🚨A catastrophic mistake that beginners make is trading futures contracts. Avoid falling into it🚨

Leverage of more than 20x and accelerating liquidation❌️

First, if you do not know what futures contracts mean,

It is a borrowing system where the amount to be traded is doubled, but on the condition that a liquidation price is set when the currency reaches a certain number according to the x you chose. For example, if you have a dollar and you want to double it to $20, you will choose x20 and you will trade with the borrowed amount, but the platform has a percentage of 0.01. If the liquidation price is reached, you lose the dollar, and if the deal rises, the profit is yours.

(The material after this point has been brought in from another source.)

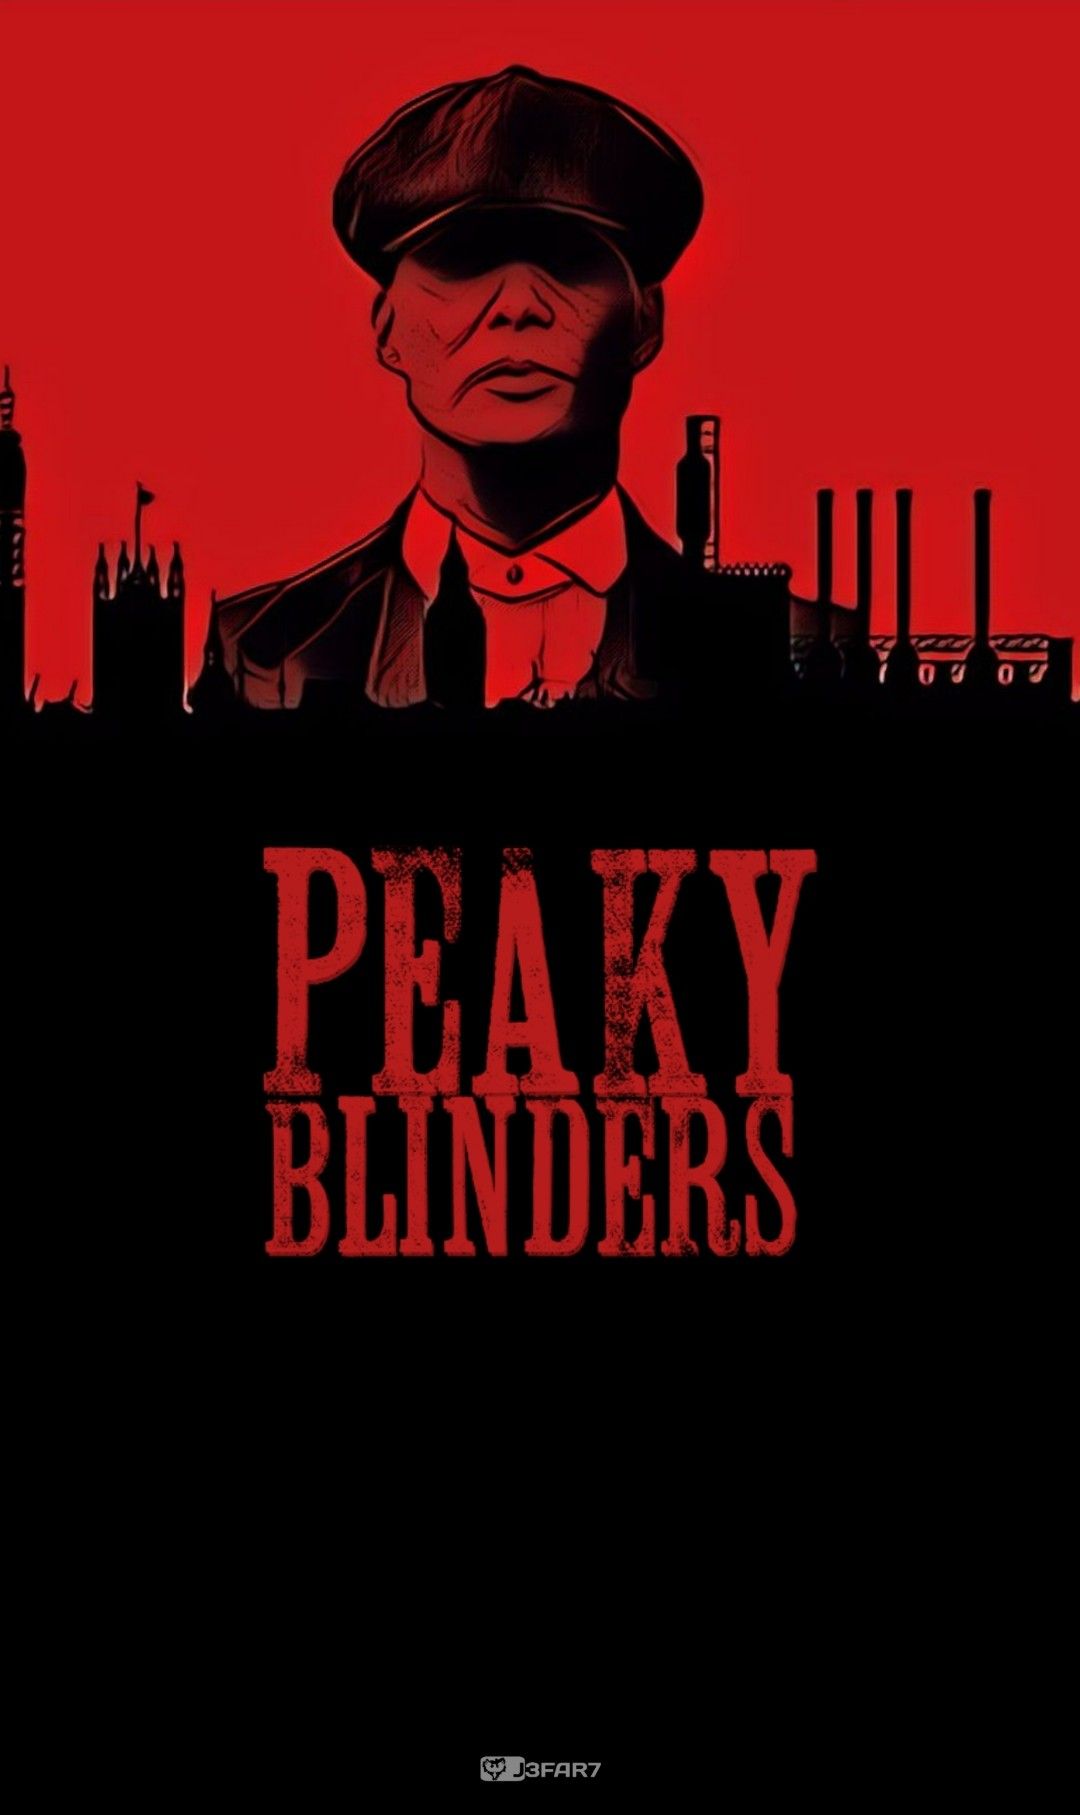 Peaky Blinders Wallpaper

❌️It is not always recommended for beginners to enter a deal with this leverage because it is a big risk and can completely liquidate your balance if the liquidation price is reached.

There are several things that must be followed, otherwise you will lose a large percentage of your capital

First, when entering the deal, the leverage must be

10x or 15x so that if there is a sudden drop in the deal, there is a distance from the liquidation price and the risk is reduced.

Second, do not put all your capital, you must put 10%.

Third, trading must be isolated so that your basic capital is not entered and liquidated.

Fourth, you must study the market and follow the indicators and Japanese candles, especially the RIS momentum indicator.

Loss is always present and profit is present, but this field requires patience and learning, not luck.